Final answer:
The pressure of nitrogen gas stored in a 1100.0 L cylinder at 280 °C is calculated using the ideal gas law PV=nRT, resulting in a pressure of 194.69 atm.
Step-by-step explanation:
To calculate the pressure of nitrogen gas (N₂) in the cylinder, assumed to be an ideal gas, we can use the ideal gas law:
PV = nRT,
where P is pressure, V is volume, n is the number of moles of gas, R is the ideal gas constant, and T is temperature in Kelvin.

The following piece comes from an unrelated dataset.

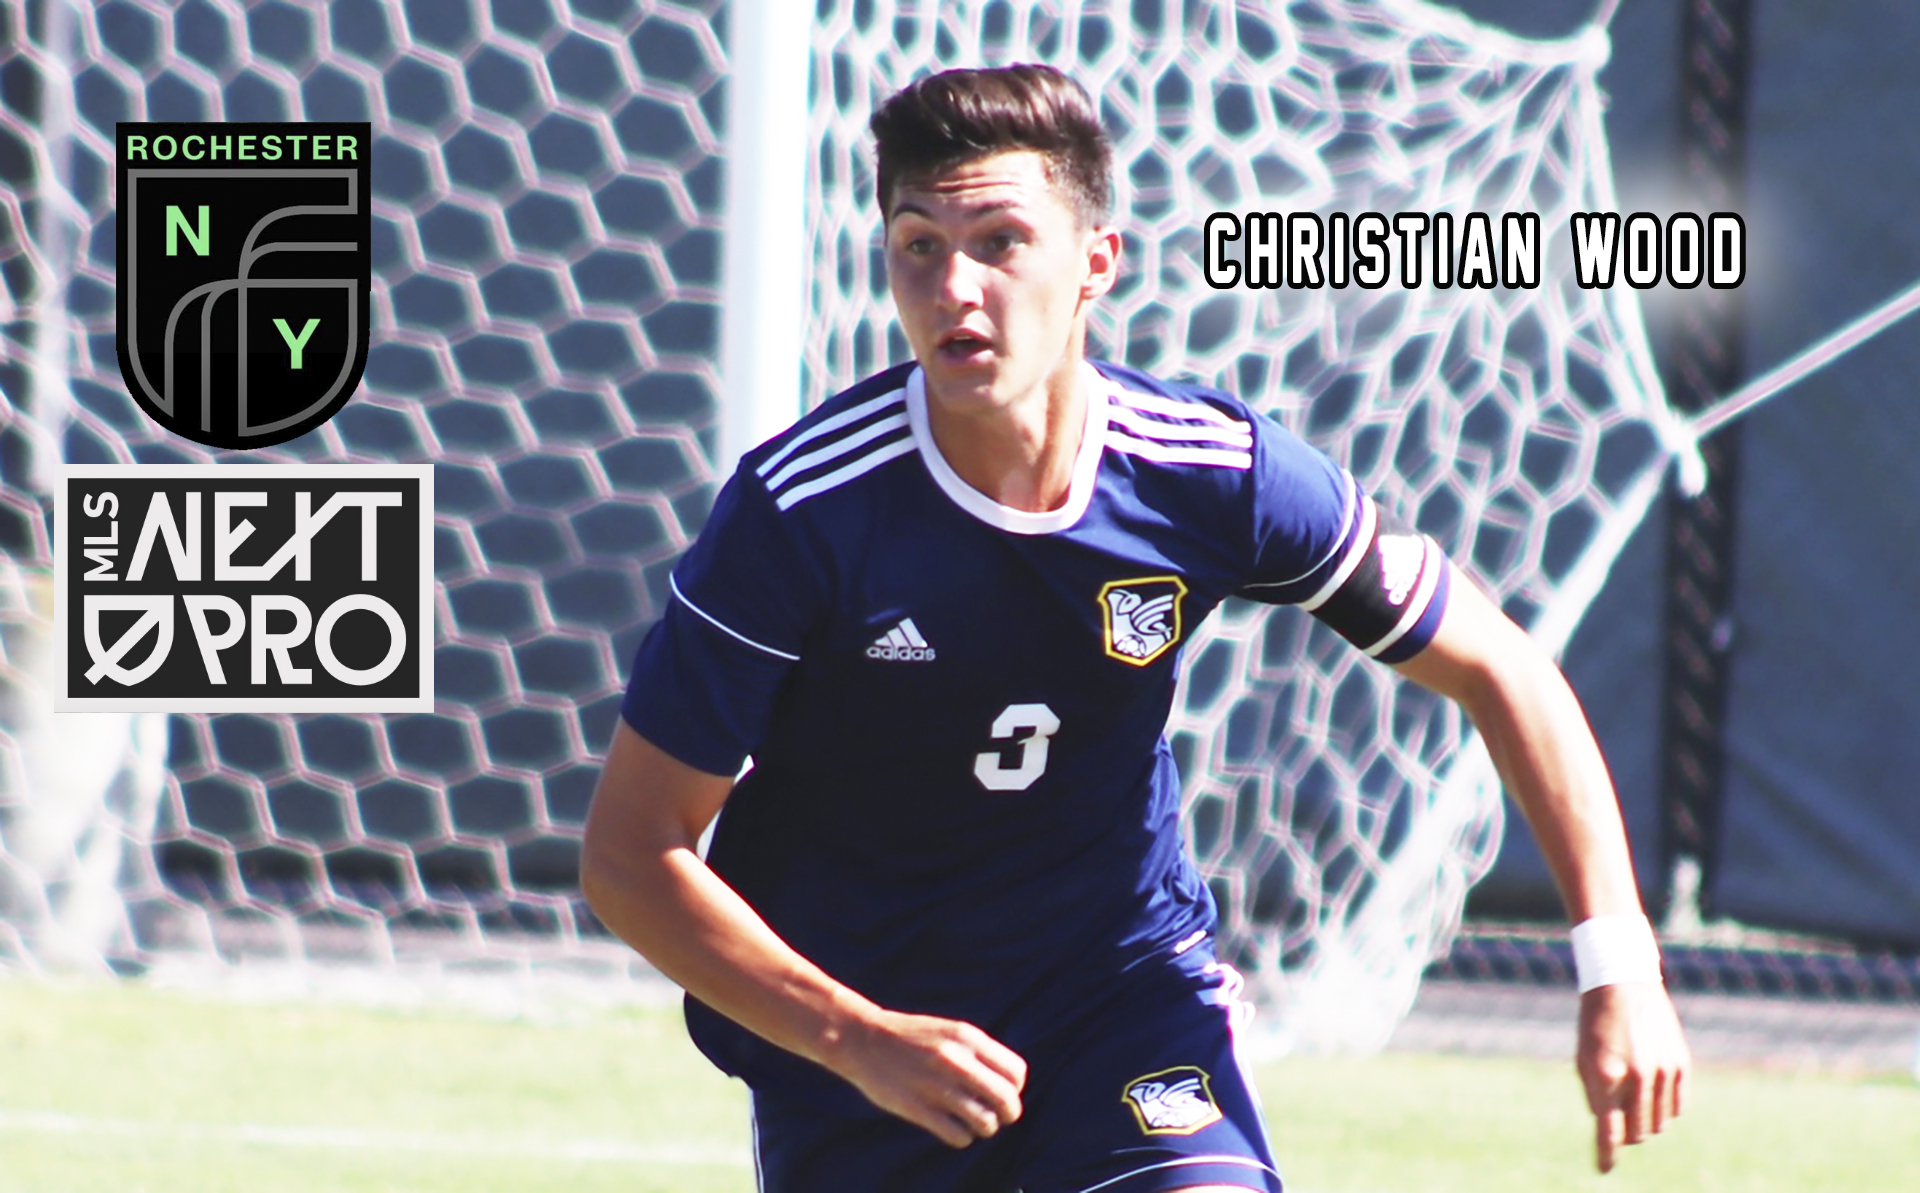 Christian signs a pro contract with Rochester New York FC.

First, we convert the given mass of nitrogen to moles. The molar mass of N₂ is 28.0 g/mol, so 120 kg (120,000 g) of N₂ is:
n = mass / molar mass = 120,000 g / 28.0 g/mol = 4285.71 moles.
Next, we convert the temperature to Kelvin:
T = 280 °C + 273.15 = 553.15 K.
The volume is given as 1100.0 L, which we will use directly in our calculation. The ideal gas constant, R, is 0.0821 L·atm/mol·K.
Now, we can solve for pressure, P:
P = nRT / V = (4285.71 mol) × (0.0821 L·atm/mol·K) × (553.15 K) / 1100.0 L = 194.69 atm.
The pressure of the nitrogen gas under the given conditions is 194.69 atm.